Dr. Naval Daver has received honoraria related to formal advisory activities and as a consultant from AbbVie Inc., Agios, Astellas Pharma US, Inc., Bristol-Myers Squibb Company, Celgene Corporation, Daiichi Sankyo, Inc., ImmunoGen, Inc., Incyte Corporation, Jazz Pharmaceuticals plc, Karyopharm Therapeutics, Otsuka Pharmaceutical Co., Ltd., Novartis AG, Pfizer Inc., and Sunesis. He has received grant support related to research activities from AbbVie, Bristol-Myers Squibb, Daiichi Sankyo, Genentech, GlycoMimetics, Inc., ImmunoGen, Incyte, Karyopharm, Nohla Therapeutics, Novartis, Pfizer, SERVIER, and Sunesis.

Dr. Mark Levis has received honoraria as a consultant from Agios, Astellas Pharma US, Inc., Daiichi Sankyo, Inc., Fujifilm Corporation, and Novartis AG. He has received grant support related to research activities from Astellas, Fujifilm, and Novartis.

Dr. Daniel Pollyea has received honoraria as a consultant from AbbVie Inc., Agios, argenx, Astellas Pharma US, Inc., Celgene Corporation, Celyad, Gilead, and Pfizer Inc. He has received grant support related to research activities from AbbVie Inc. and Pfizer Inc.

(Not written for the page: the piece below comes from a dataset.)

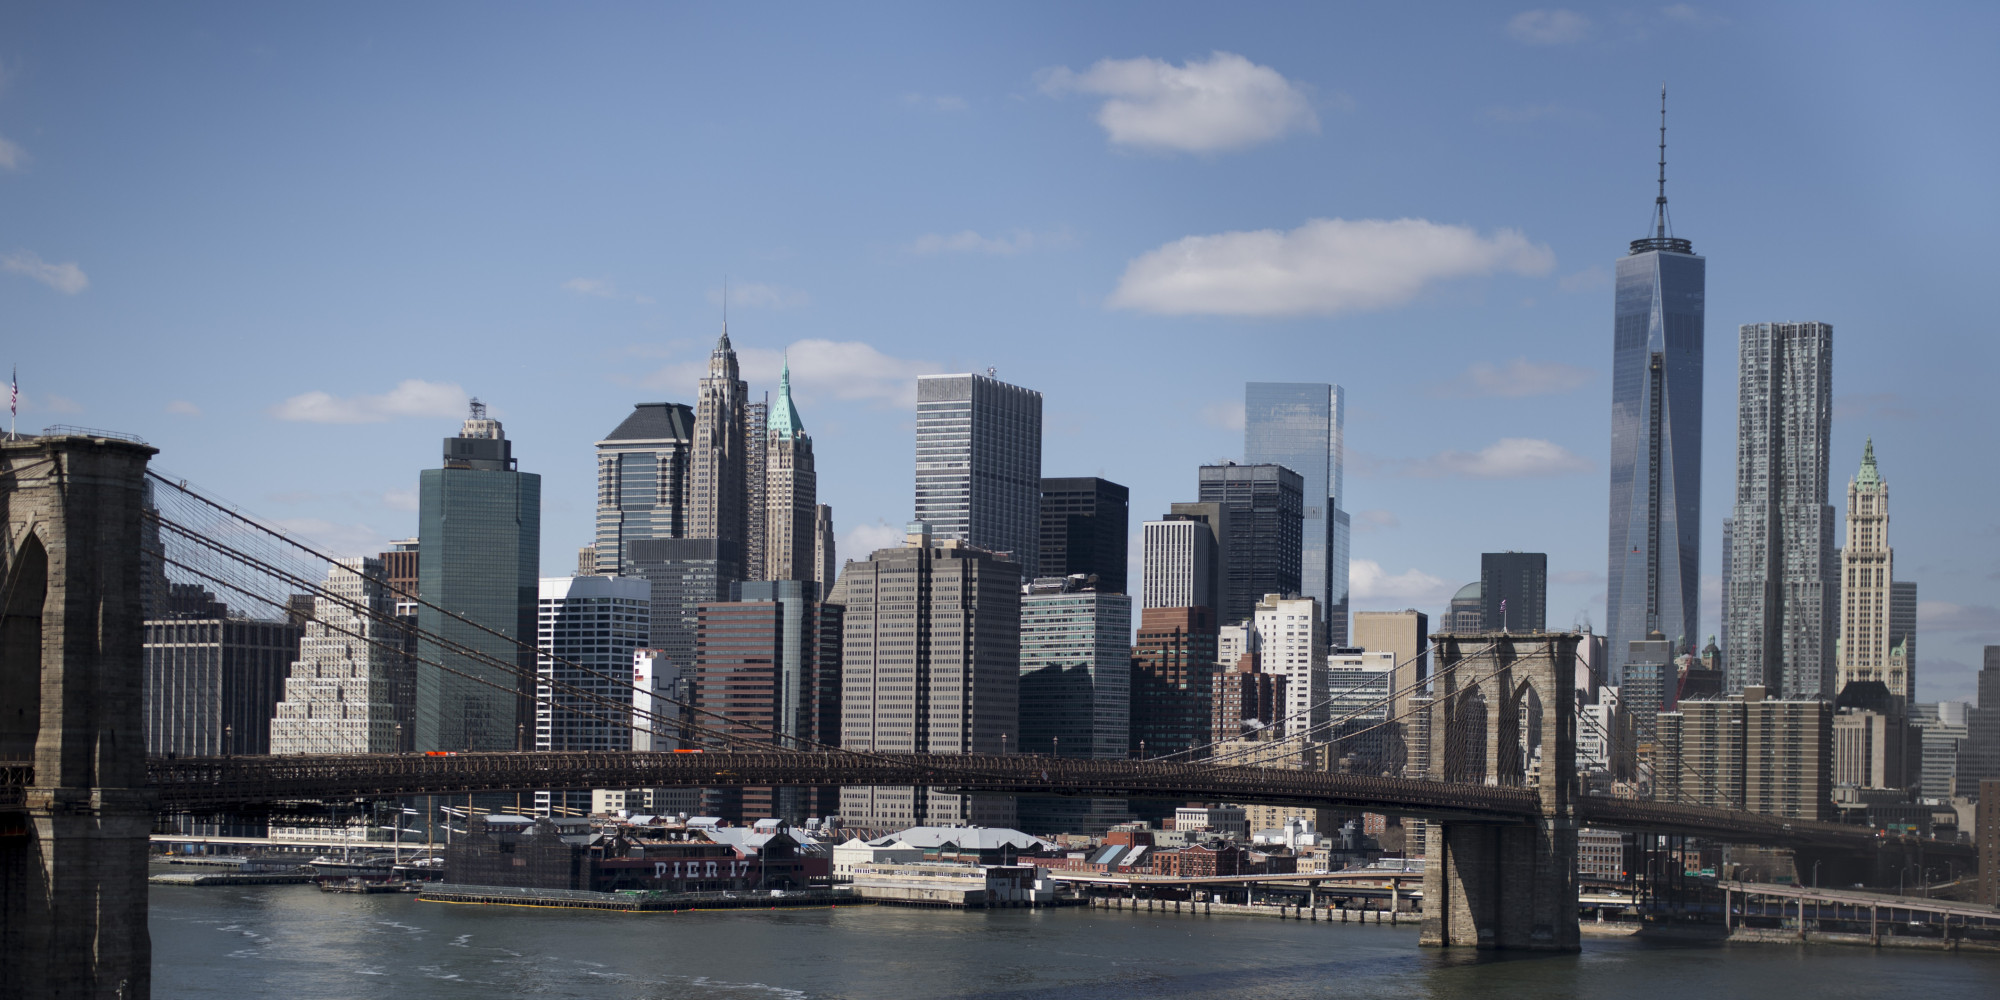 york city skyline day - photo #4

Dr. Farhad Ravandi has received honoraria related to formal advisory activities and grant support related to research activities from Amgen Inc., Seattle Genetics, Inc., Sunesis Pharmaceuticals, Inc., and Xencor, in addition to grant support related to research activities from Bristol-Myers Squibb Company and Selvita.

Dr. Eytan Stein has received honoraria related to formal advisory activities from Agios, Astellas Pharma US, Inc., Bayer AG, Celgene Corporation, Daiichi Sankyo, Inc., Novartis AG, and Pfizer Inc.

Dr. Eunice Wang has received honoraria as a consultant from AbbVie Inc., Agios, Amgen Inc., Arog Pharmaceuticals, Inc., Celyad, Daiichi Sankyo, Inc., ImmunoGen, Inc., Jazz Pharmaceuticals plc, and Pfizer Inc., as well as speakers’ bureau activities from Astellas Pharma US, Inc., Jazz, and Novartis AG. She has received grant support related to research activities from ImmunoGen.

Planning Committee Disclosures

The individuals listed below from MediCom Worldwide, Inc. reported the following for this activity: Kristin Burke, Project Manager, Joan Meyer, RN, MHA, Executive Director, and Bill Stoff, Director of Operations, have no relevant financial relationships.

Peer Reviewer Disclosure

In accordance with MediCom Worldwide, Inc. policy, all content is reviewed by external independent peer reviewers for balance, objectivity and commercial bias. The peer reviewers have no relevant financial relationships to disclose.